# Exercise objective
The full listing, exactly as written and with no images, is the expected output.

# Data excerpt
━━━
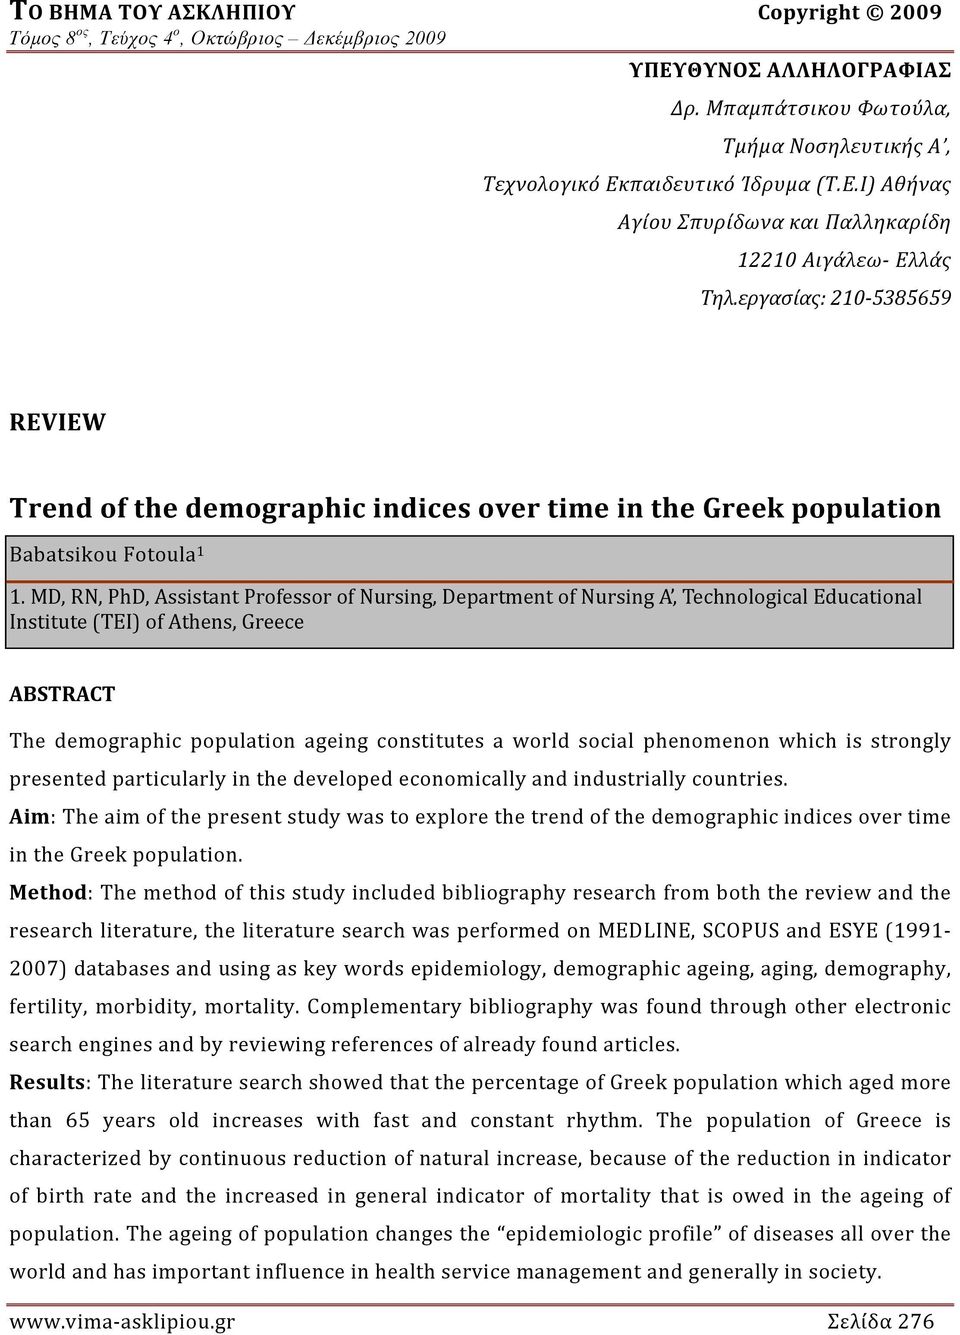 MD, RN, PhD, Assistant Professor of Nursing, Department of Nursing A, Technological Educational Institute (TEI) of Athens, Greece ABSTRACT The demographic population ageing constitutes a world social
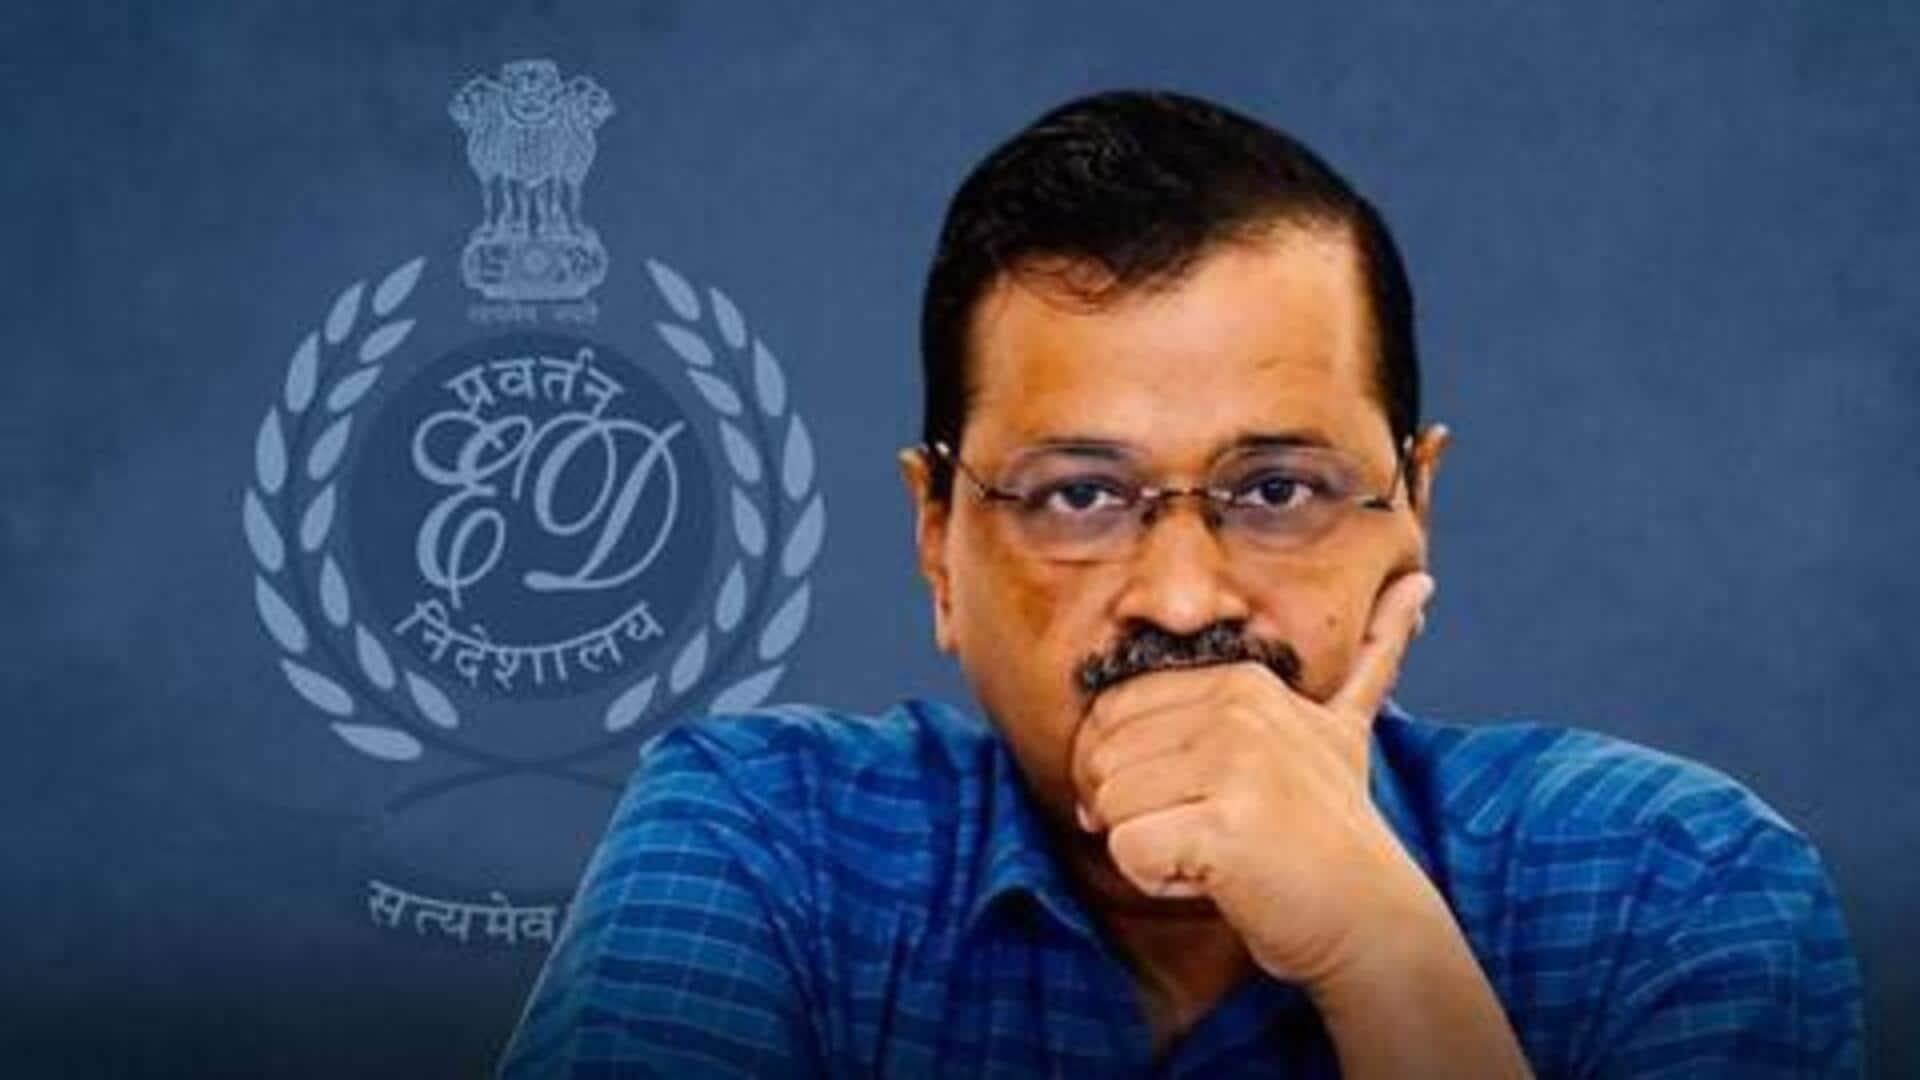 Ready for virtual questioning after March 12: Kejriwal tells ED
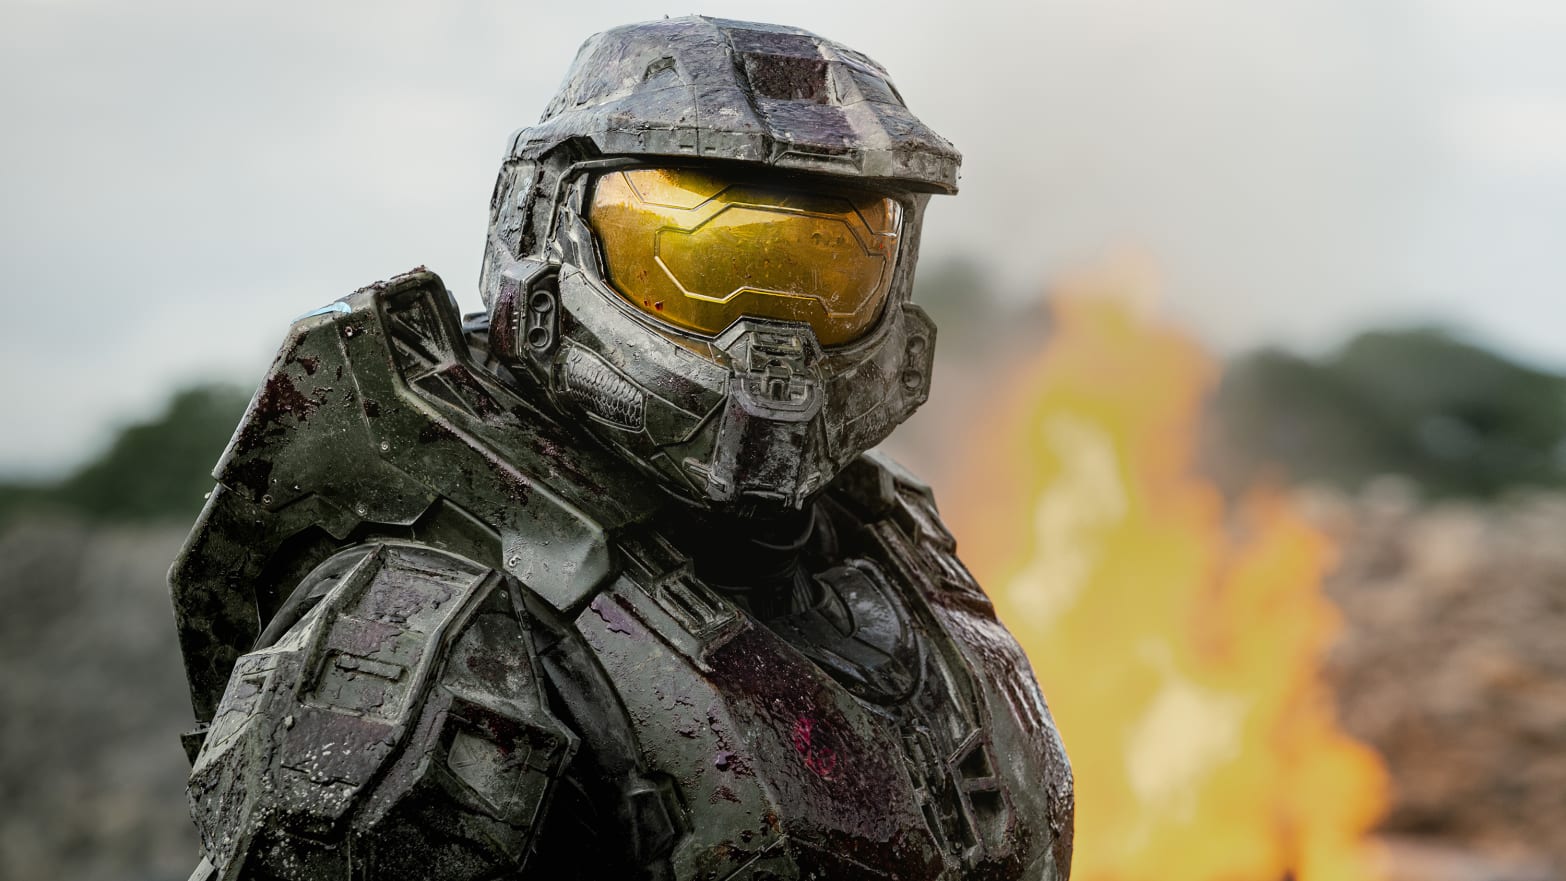 Can Steven Spielberg turn the Halo TV series into the best video
━━━
# Response
 MD, RN, PhD, Assistant Professor of Nursing, Department of Nursing A, Technological Educational Institute (TEI) of Athens, Greece ABSTRACT The demographic population ageing constitutes a world social
 Ready for virtual questioning after March 12: Kejriwal tells ED
 Can Steven Spielberg turn the Halo TV series into the best video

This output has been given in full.